“Pernar à la place d'Hasanbegovic” titre le site Bilten.
Zlatko Hasanbegovic est l'ancien ministre croate de la culture qui s'est fait connaître par certaines positions conservatrices et en particulier une volonté de réduire les financements des médias de la gauche-libérale. Le Courrier des Balkans qui donne le La sur les infos francophones concernant les Balkans l'a qualifié de révisionniste pro-nazi...
Ivan Pernar est quant à lui un jeune député au parlement croate qui fait partie de la formation eurosceptique Zivi zid. Son impétuosité et son franc-parler en ont fait une des étoiles montantes de la jeune génération dans les Balkans qui commence à secouer le joug de Bruxelles et Washington.

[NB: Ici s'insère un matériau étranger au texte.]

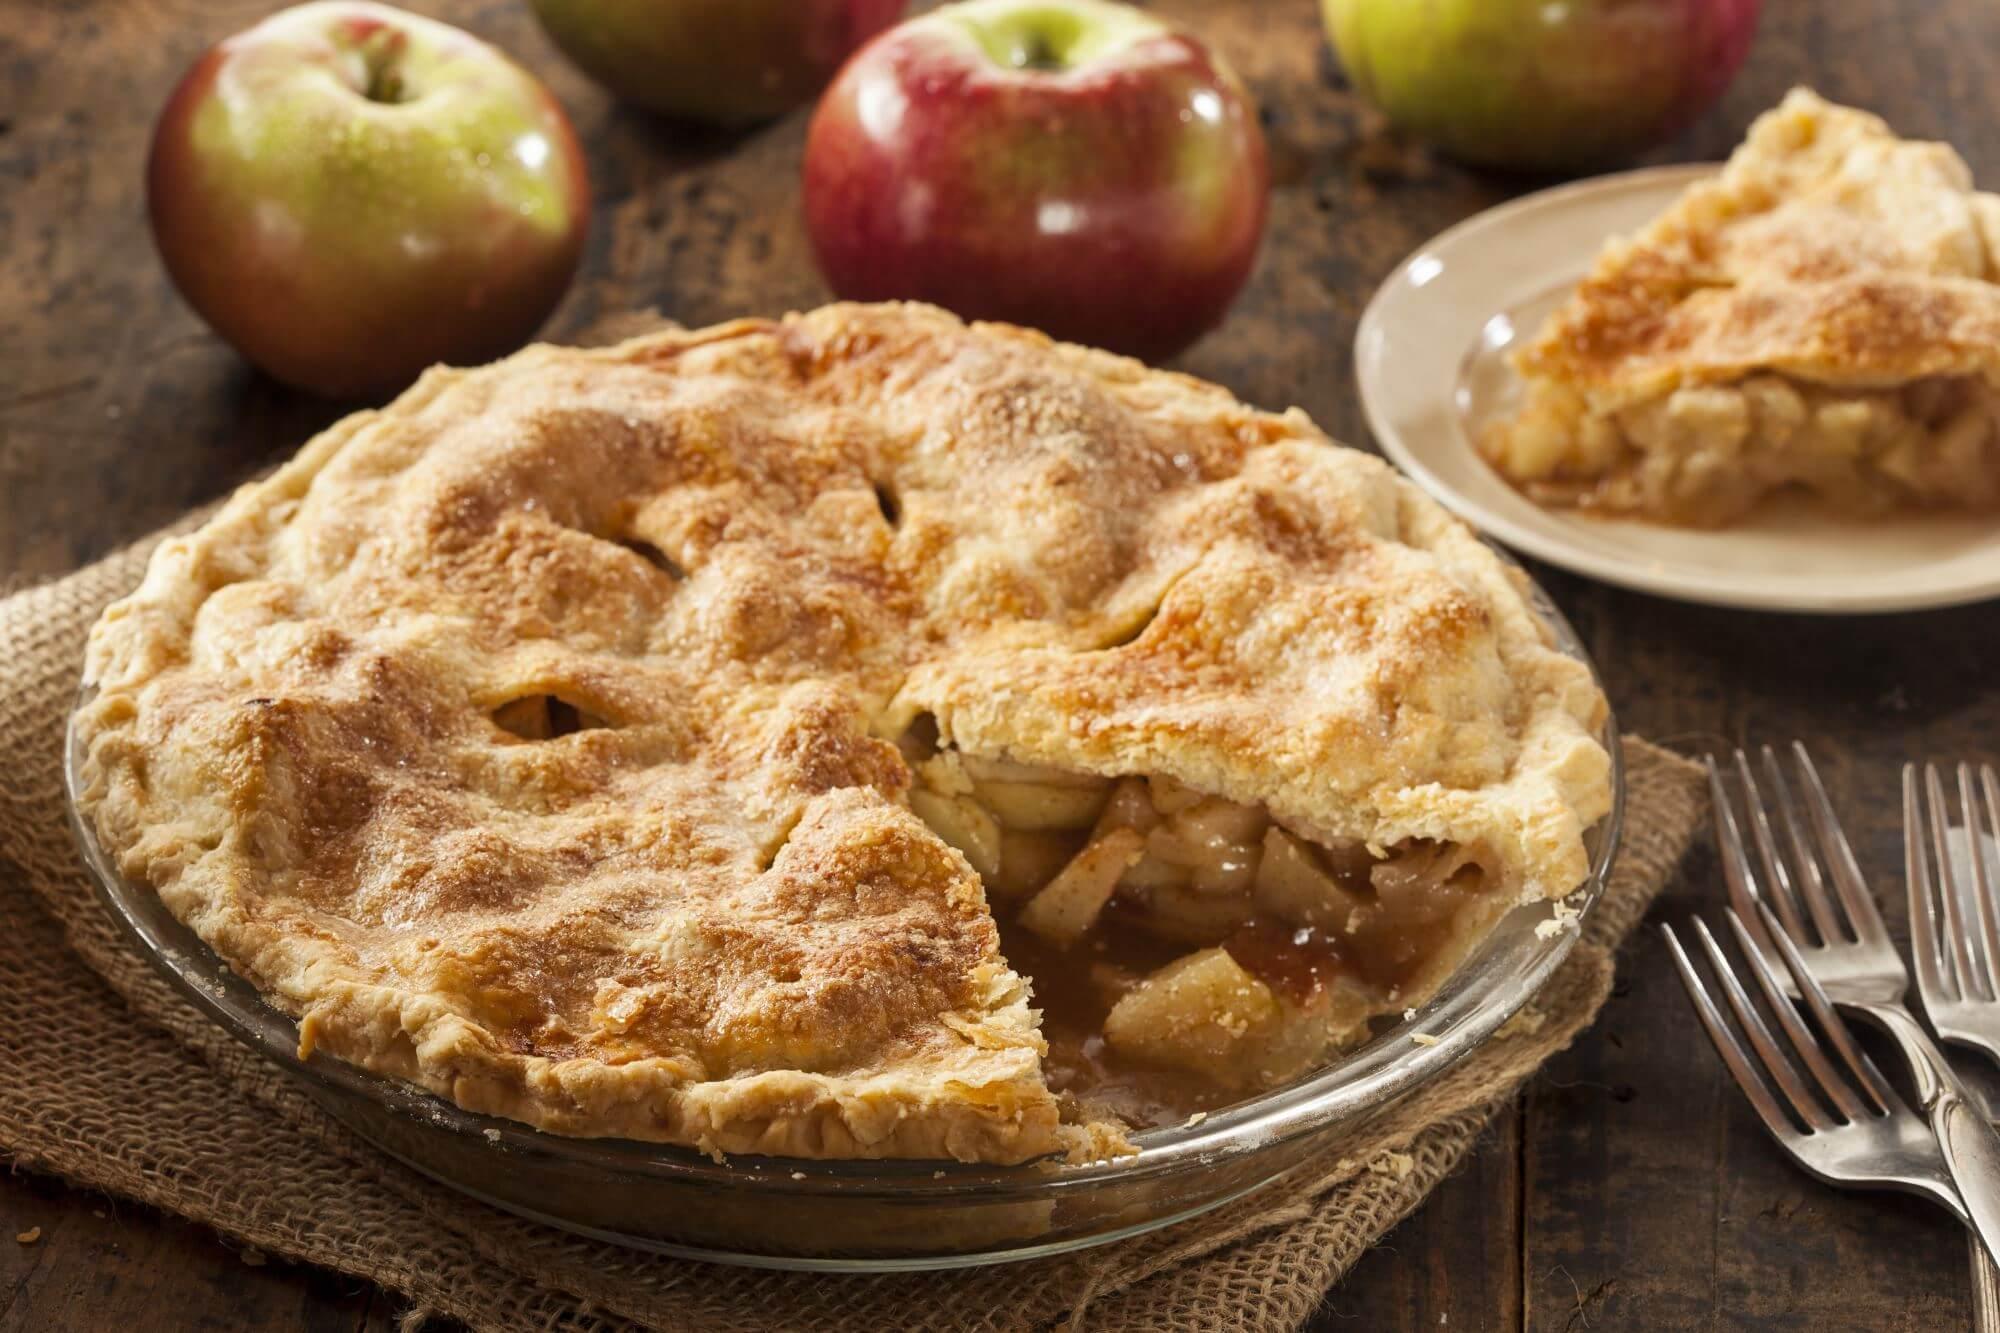 Bondens æblekage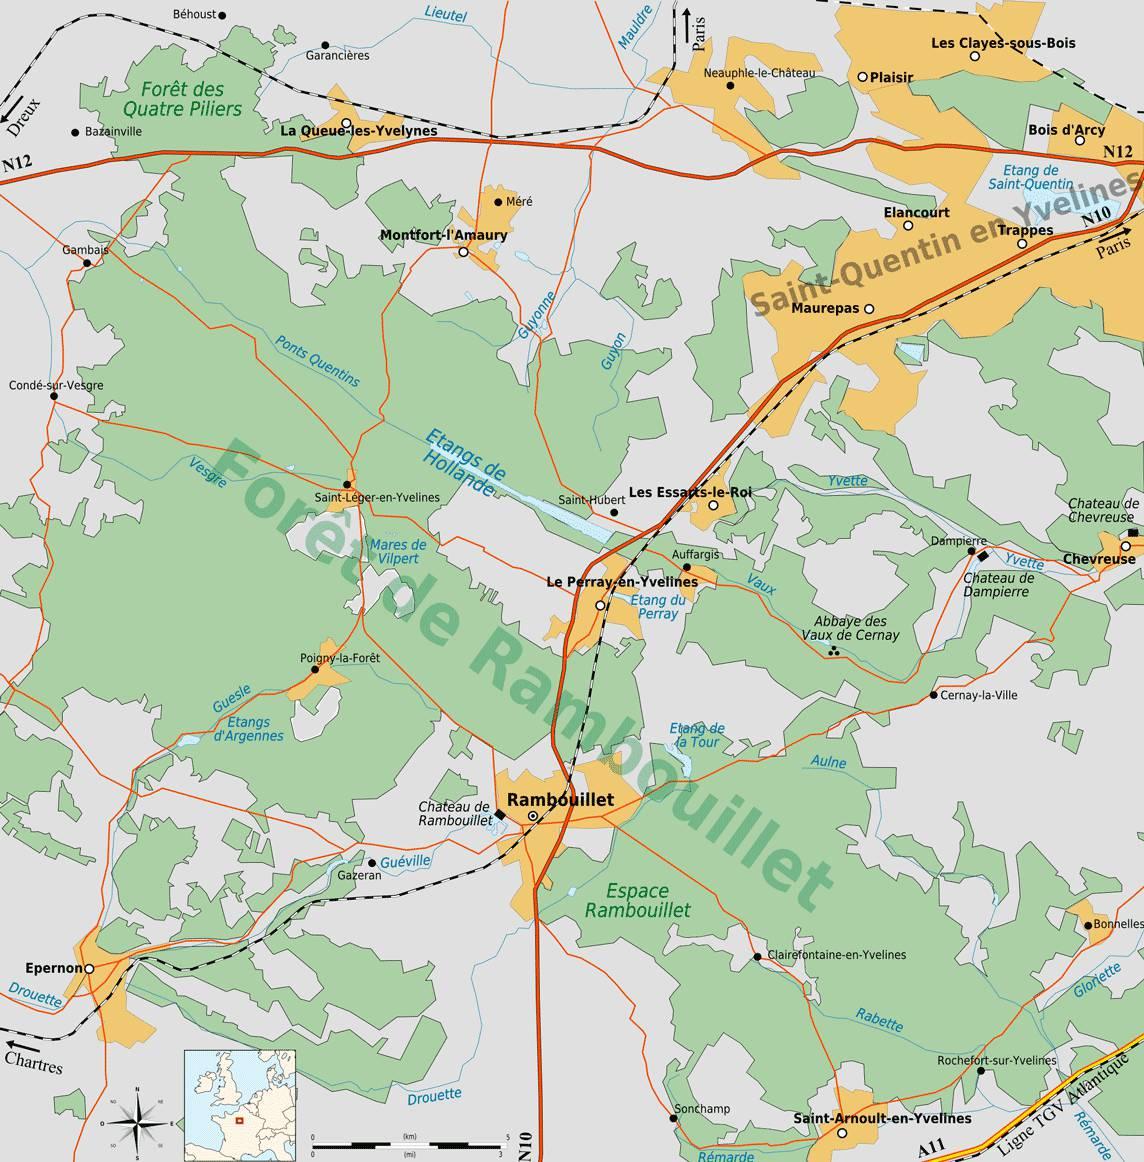 Plan de la Forêt de Rambouillet

D'après l'article de Bilten, "Le nouveau parlement constitué et la nouvelle équipe gouvernementale en Croatie ont aussi introduit du changement sur la scène médiatique : la vedette principale n'est plus Zlatko Hasanbegovic, ce titre a été repris par Ivan Pernar de Zivi zid."
Novi saziv Sabora i novi sastav hrvatske Vlade donijeli su i pomak na medijskoj sceni: glavna politička zvijezda više nije Zlatko Hasanbegović, titulu je preuzeo Ivan Pernar iz Živog zida.
Bilten explique que les deux viennent combler un espace vide, ces apparitions politiques relèvent d'un phénomène généralement appelé le “populisme”.
Takav prazan prostor zauzimaju svakojake političke pojave, najčešće etiketirane terminom “populizam”.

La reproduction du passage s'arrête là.